Theres meds for that. Not sure if he's got a therapist and/or meds but i hear they help.a lot. Latuda is a known bipolar med...so much so that my psychritrist said no cuz i dont have bipolar (she apparently doesnt read my therapist's notes in my file) but seriquol and a handful of others have been known to work.
 
He does have a therapist, we spent a lot of time talking about that. He went to the doctor and said he's on antidepressants. Which ones? No idea.

He's been dealing with this for many years, so have faith in him knowing what he needs at a particular time. He told me he knows what works and what doesn't.
 
I hadn't heard from him yesterday after asking him to check in. So I messaged his sister asking if she's heard from him because he hasn't replied to me when usually he does. No....she hasn't heard from him for a few days. I call him, it goes straight to voicemail.

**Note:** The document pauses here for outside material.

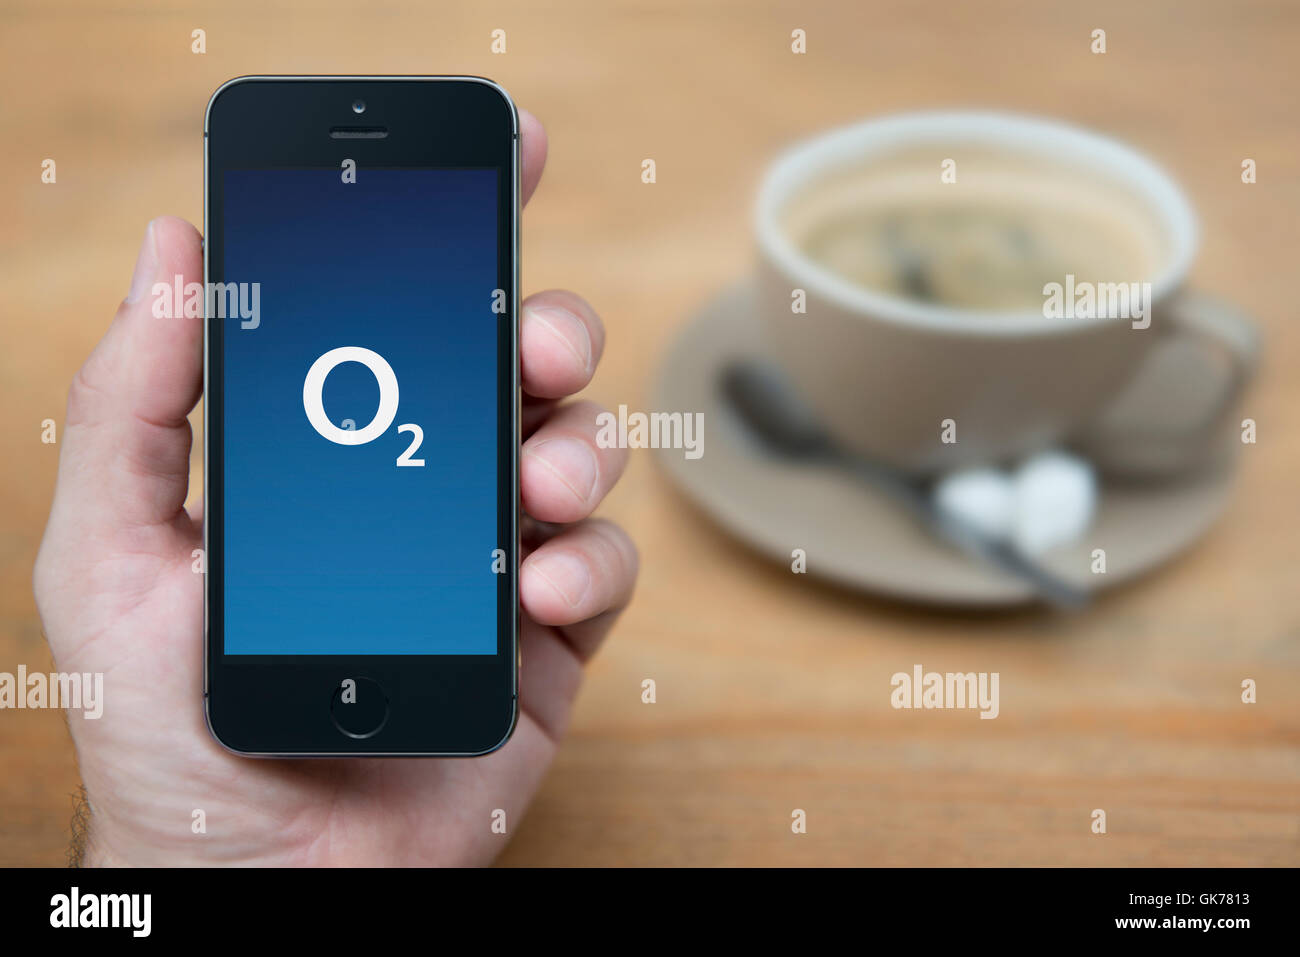 Un uomo guarda al suo iPhone che consente di visualizzare l'O2 logo, mentre sat con una tazza di caffè (solo uso editoriale). Foto Stock

I use my daughter's phone to call him in case he's blocked my number, it goes straight to voicemail. 2 hours later I message his sister asking if she's been over to check on him. No....he usually calls her if he's not doing well.

He emailed me at midnight to say he's pretty depressed and thinks he needs to go into hospital as an inpatient with vets (VA).

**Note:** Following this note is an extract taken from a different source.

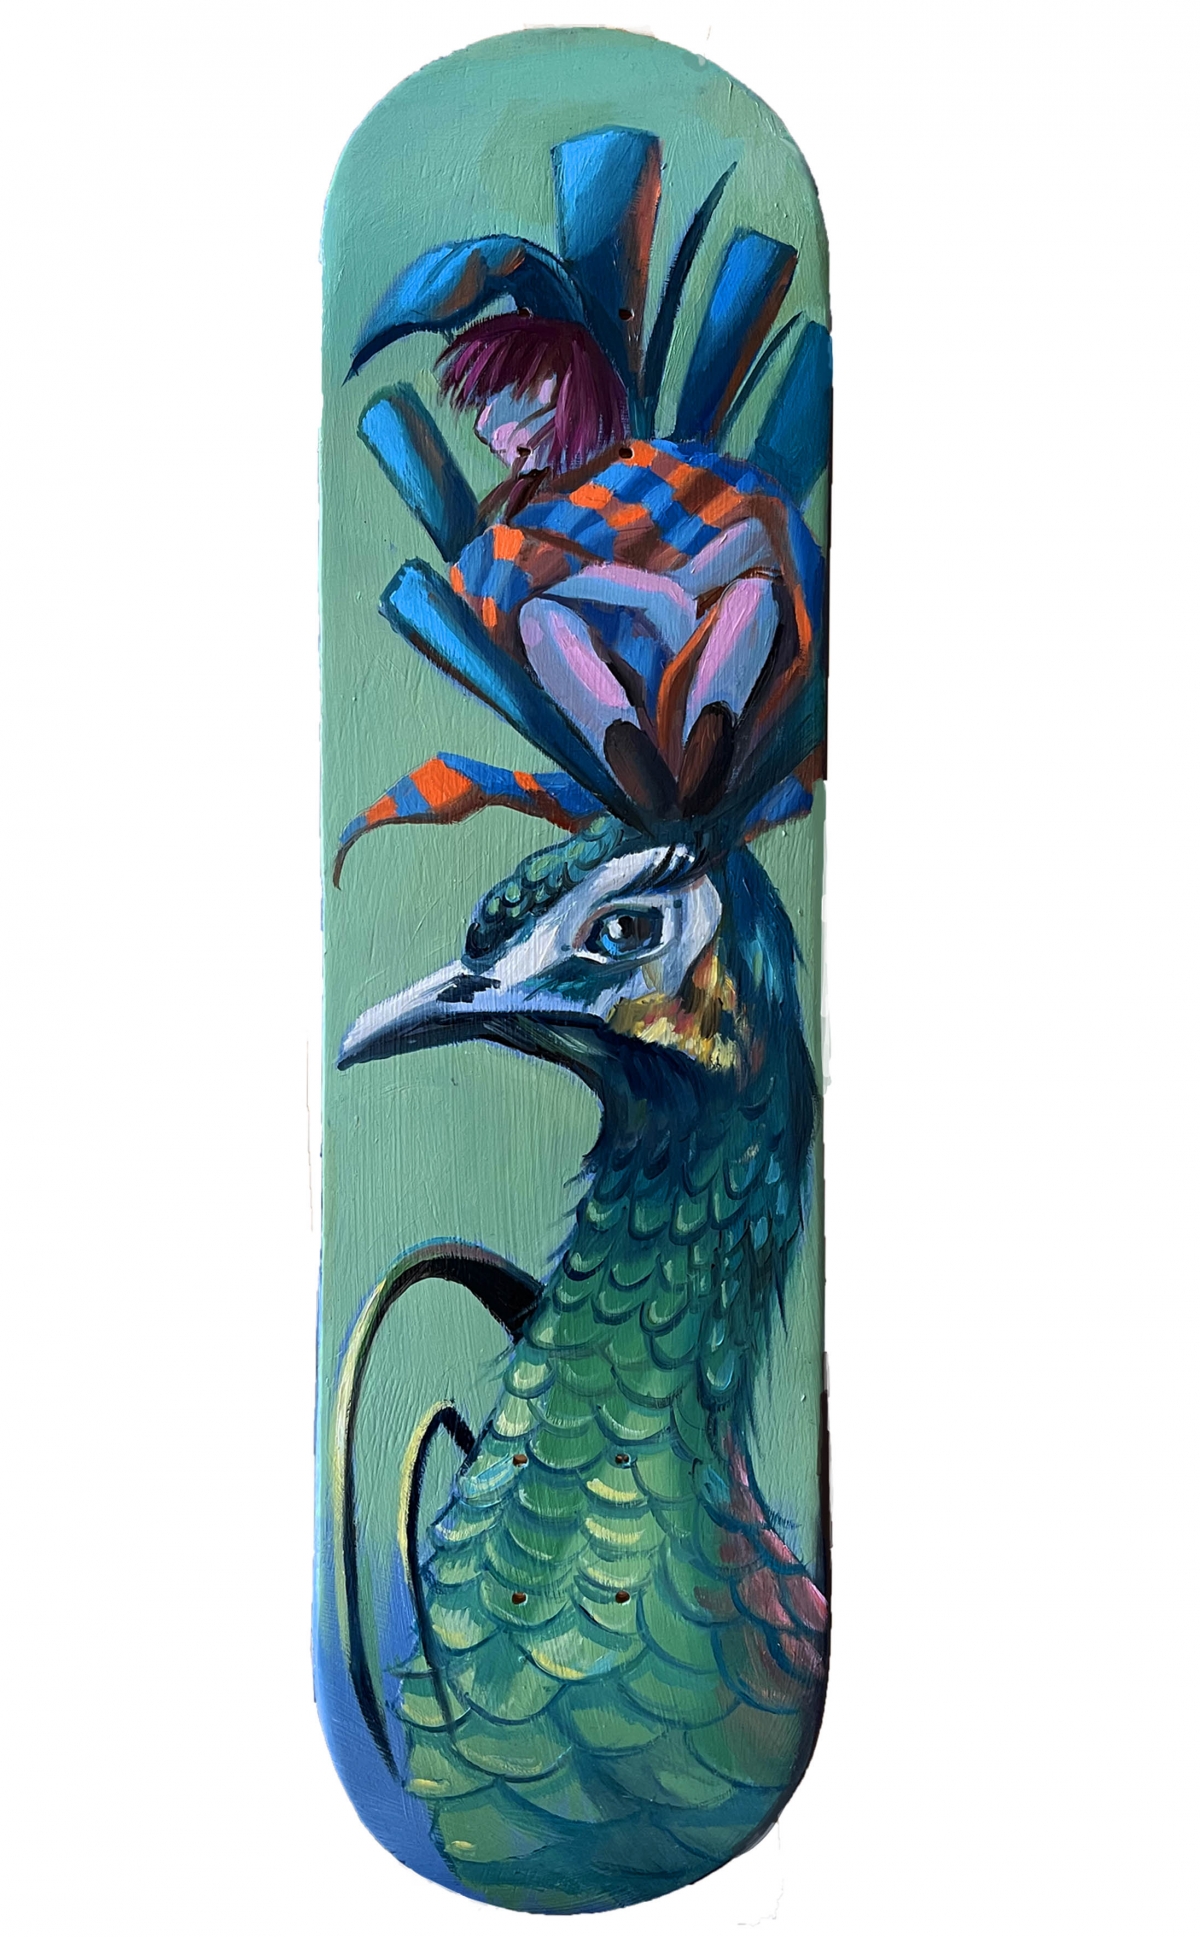 Royal peacock

Wow. No wonder he has issues with his sister. Am I the only one who is worried about him?? I'm thinking if he recognises that he needs to be hospitalised, is he suicidal?
 
I just asked him outright if he was thinking of hurting himself. He replied no, he thinks he needs intervention at a hospital.

There is no affection, but at least he replies with what is actually going on. I sure do miss him, though. If he didn't want anything to do with me I guess he'd just ignore me.
 
Isolation, emotional numbing and difficulty communicating are all best friends with ptsd, and I can imagine that must be pretty rough on the receiving end. If he's asked to go into hospital he isn't necessarily suicidal, but it's usually a pretty good indicator that it's getting too hard to cope.

What I would say (& I happen to be in hospital myself at the mo!) is it's sooo incredibly hard having to say to someone "I think I should be hospital". The shame, helplessness, guilt and sense of failure that are tied to that statement tend to team up with the fact that you HATE hospital, and oftentimes a person who can ask once won't necessarily persist if no help shows up after the first plea for help.

Besides all that though, he told you. That would've been hard, and my guess is there aren't too many people in this world he will let himself be that vulnerable with. You're obviously a safe person in his eyes.
 
Thank you, Ragdoll Circus. It's been a tough day for me today. Feel like everything is so hard. In the past, he's been loving but just cut me off. This time he communicates but there's no love.

Wishing you a speedy recovery and return to health with whatever is ailing you at the moment xo.